* **TASK ITEM**
Starting at the line below that contains "Pregovori u Sočiju, predsednik" and ending at the line that contains "Chủ tịch TW", retype each line exactly as it stands, but omit the pictures.

* **DATA**
=== Begin Enclosure ===
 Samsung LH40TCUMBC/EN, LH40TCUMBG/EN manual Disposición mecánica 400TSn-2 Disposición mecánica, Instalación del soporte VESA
=== End Enclosure ===
=== Begin Enclosure ===
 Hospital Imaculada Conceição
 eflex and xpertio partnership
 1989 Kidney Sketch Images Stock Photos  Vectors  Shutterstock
=== End Enclosure ===
=== Begin Enclosure ===
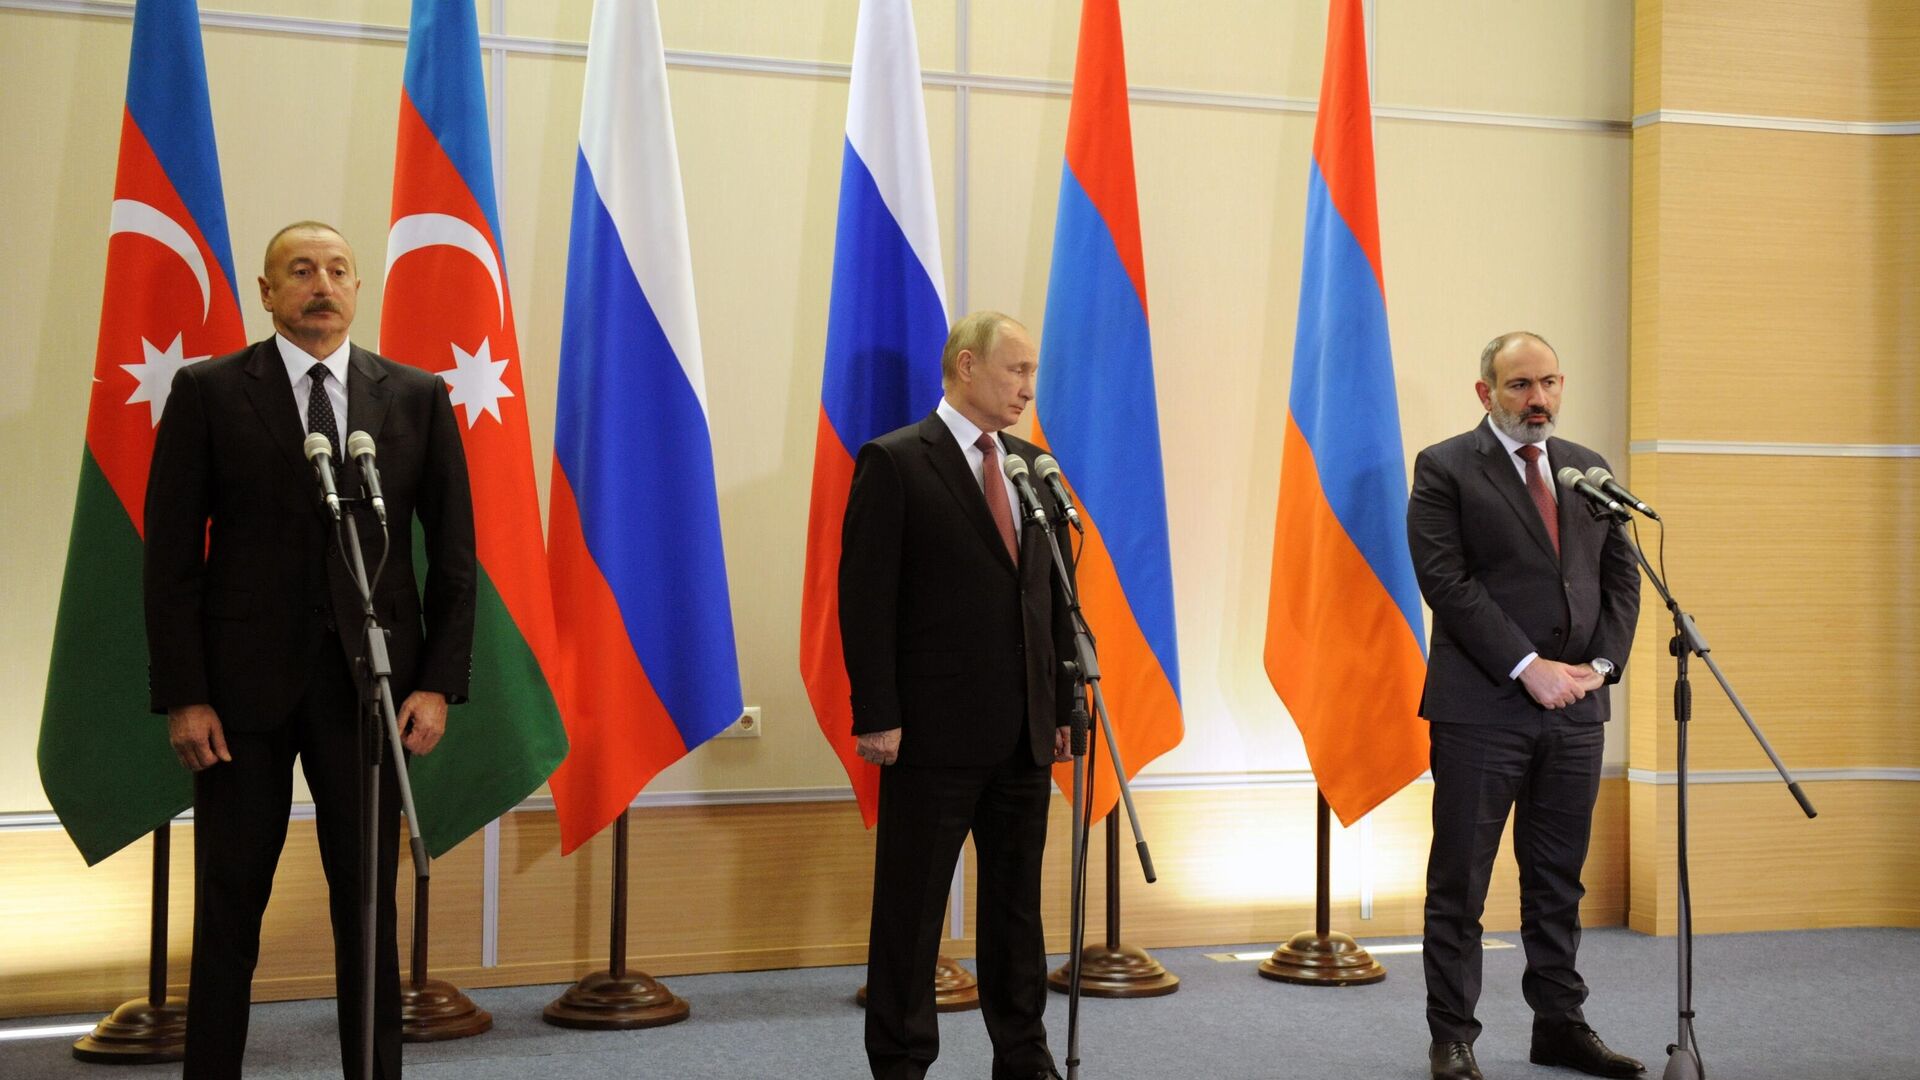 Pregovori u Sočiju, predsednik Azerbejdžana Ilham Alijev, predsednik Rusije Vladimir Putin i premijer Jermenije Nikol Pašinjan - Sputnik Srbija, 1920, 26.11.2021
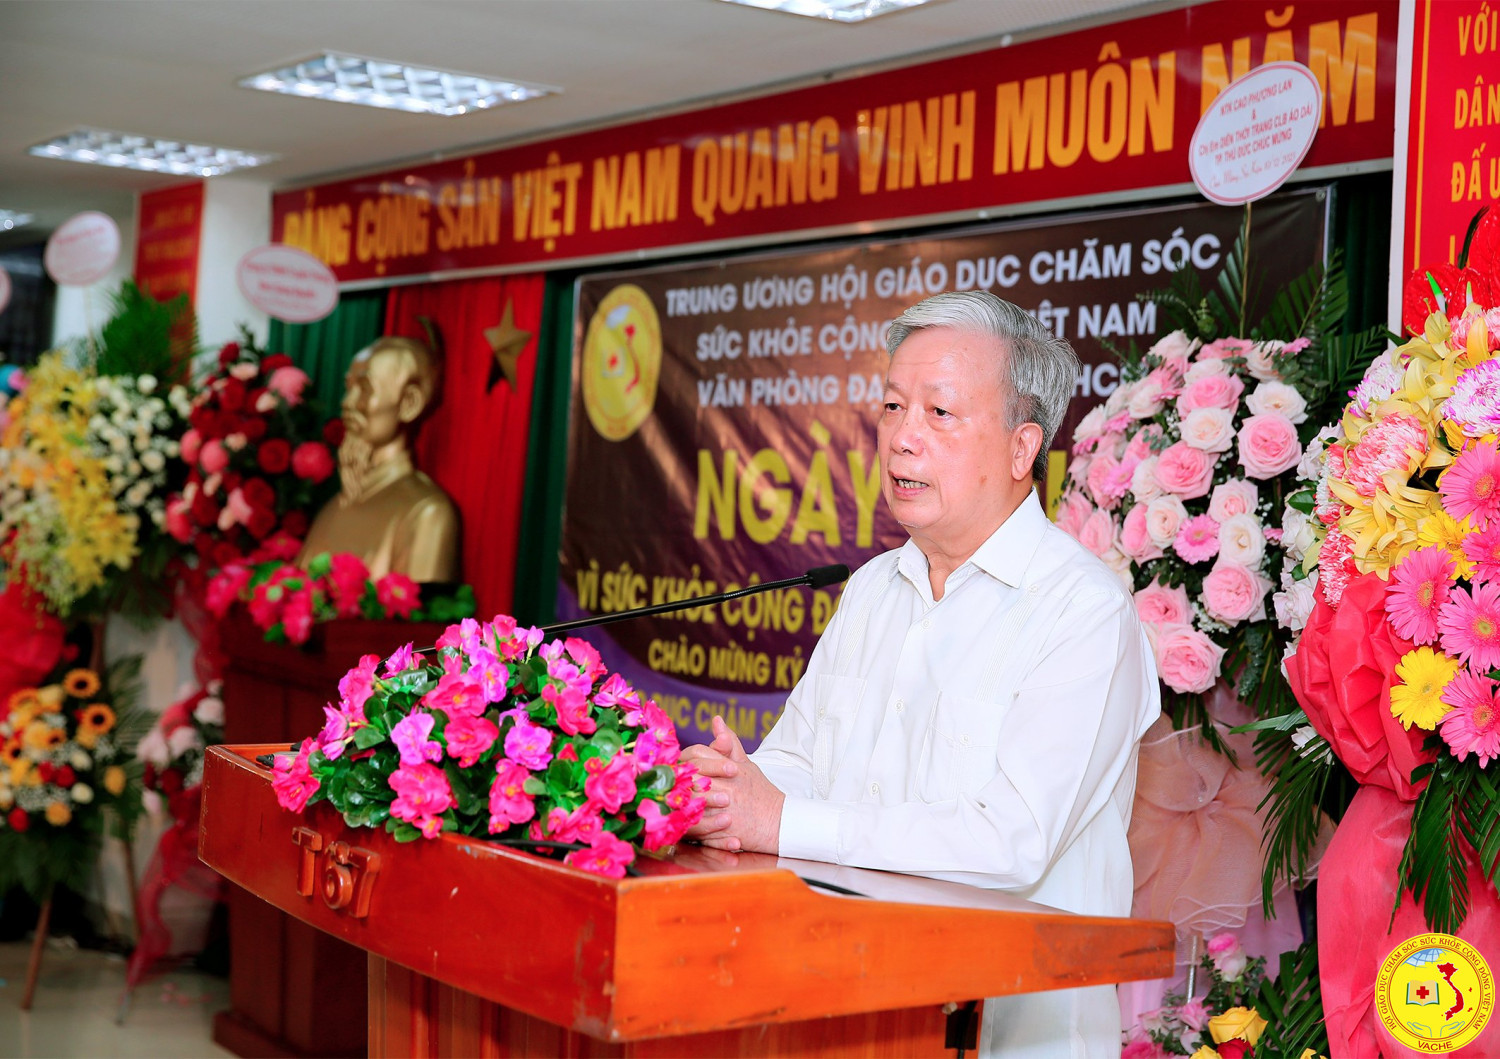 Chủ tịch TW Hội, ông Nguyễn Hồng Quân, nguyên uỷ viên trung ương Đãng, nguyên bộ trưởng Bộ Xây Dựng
=== End Enclosure ===
* **RESPONSE**
 Pregovori u Sočiju, predsednik Azerbejdžana Ilham Alijev, predsednik Rusije Vladimir Putin i premijer Jermenije Nikol Pašinjan - Sputnik Srbija, 1920, 26.11.2021
 Chủ tịch TW Hội, ông Nguyễn Hồng Quân, nguyên uỷ viên trung ương Đãng, nguyên bộ trưởng Bộ Xây Dựng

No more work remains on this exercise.